Summary:
Situation Overview: FDIC is focused on de novo bank formation, digital assets and blockchain activities, resolution planning, and asset thresholds for “tailoring” categories.
What: The FDIC is reevaluating guidance in these areas.
Who: FinTechs and Large Banks subject to FDIC supervision.
In Depth
In April 2025, Federal Deposit Insurance Corporation (FDIC) Acting Chairman Travis Hill announced that the FDIC is focused on four key policy areas: de novo bank formation, digital assets and blockchain activities, resolution planning, and “tailoring” asset thresholds.
This announcement signals that the FDIC is considering substantive changes in each of these areas.
This summary outlines the potential changes and their implications for FinTech firms and bank management.
De Novo Bank Formation
Due to a significant decline in the number of bank charters—from 8,500 in 2008 to 4,500 today—the FDIC is exploring ways to promote new bank formation. This includes reevaluating how deposit insurance applications are processed for proposed banks with new or innovative business models. Chairman Hill noted, “A fintech with a large number of deposit accounts may present less risk to the Deposit Insurance Fund if it becomes a regulated bank, rather than placing deposits at multiple banks through complex partnership arrangements.”
What FinTechs Should Do
Continue to build robust compliance management and AML/BSA systems, providing a firm with the foundation to become an FDIC-regulated entity if warranted by business conditions and the regulatory environment.
Digital Assets and Blockchain
The FDIC recently issued a Financial Institution Letter (FIL), clarifying that institutions it supervises may engage in permissible crypto-related activities without prior agency approval. Chairman Hill noted “…permissible crypto-related activities will … be treated … like other permissible activities, and…we expect institutions to consider and manage associated risks, and engage with their supervisory teams as appropriate.” He also indicated that the FDIC is developing additional guidance on particular crypto-related activities.
What Banks Should Do
Banks exploring crypto- and blockchain-related activities can use this time to educate senior management and their Board of Directors on relevant risks; design and build risk management capabilities for these innovative areas; and prepare internal product approval processes for a thorough review of any proposed activities. Early and frequent engagement with supervisors on these initiatives is recommended.
Resolution Planning
Chairman Hill reiterated that the revised 2024 Insured Depository Institution (IDI) resolution plan rule places too much emphasis on bridge bank entry and exit. Instead, Chairman Hill is focused on “maximizing the likelihood of the optimal resolution option, which experience has demonstrated to generally be a weekend sale.” He indicated that the FDIC will soon issue updated FAQs related to upcoming IDI resolution plan submissions. The FDIC will look for resolution plans that enable firms to provide the FDIC with information needed to rapidly market the institution and run the institution for a short period of time if needed.

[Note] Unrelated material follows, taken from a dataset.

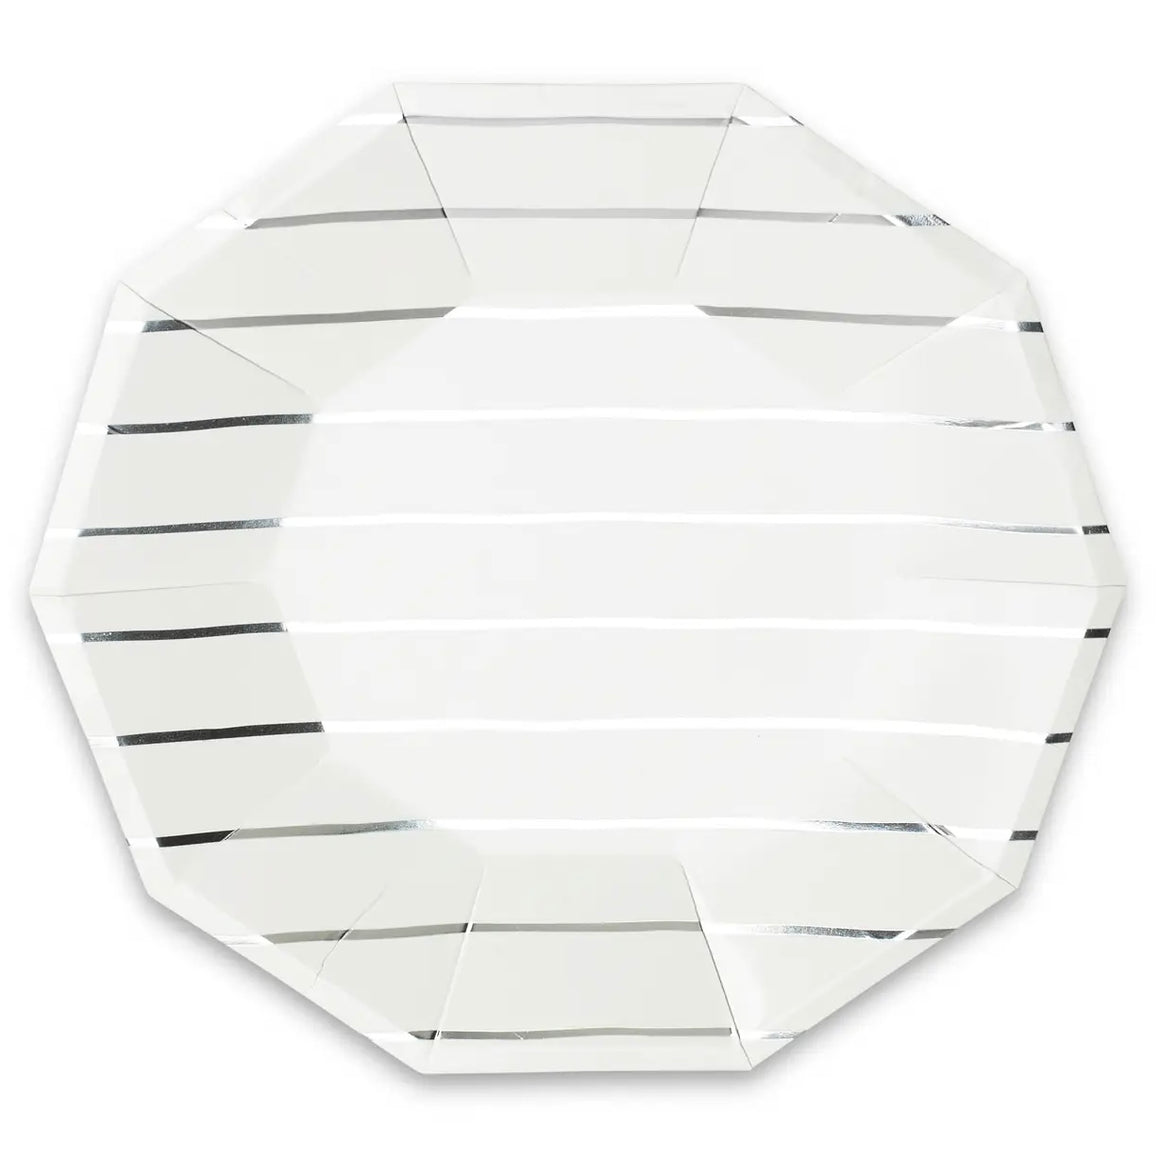 PLATES LARGE - SILVER DAYDREAM SOCIETY FRENCHIE STRIPES

The FDIC intends to engage with bank and non-bank potential acquirers, asking questions regarding what information is needed by bidders and how that information should be presented. These discussions will inform the FDIC’s capabilities testing.
The FDIC also plans to waive or reduce certain requirements, particularly around building a hypothetical failure scenario. Chairman Hill did not differentiate between Group A and Group B filers in his remarks.
What Banks Should Do
Banks with upcoming resolution plan submissions should focus on building and testing capabilities to support a resolution weekend sale and temporary FDIC management. This includes capabilities which ensure the marketability of the IDI or franchise components (e.g., refreshing a virtual data room quickly), as well as being able to quickly identify and report key depositors, critical services support, and key personnel.
Asset Thresholds for Tailoring
Chairman Hill referenced the 2019 tailoring categories for large banks and suggested that the current quantitative thresholds should be reevaluated. He noted that, due to inflation, $100 billion in 2019 equates to approximately $124 billion today. Under the tailoring rules, these quantitative thresholds impact when an institution must comply with a wide range of prudential regulatory requirements, including stress testing, liquidity, and single counterparty credit limits.
The FDIC is evaluating whether to raise – and potentially index – regulatory thresholds to reflect inflation, macroeconomic conditions, and industry growth.
What Banks Should Do
Category transition planning is a multi-year, multi-regulatory agency effort. The FDIC’s review is in early stages. For institutions engaged in category transition planning, it is recommended to continue those planning activities, pending further multi-agency (e.g., Fed, OCC, FDIC) guidance.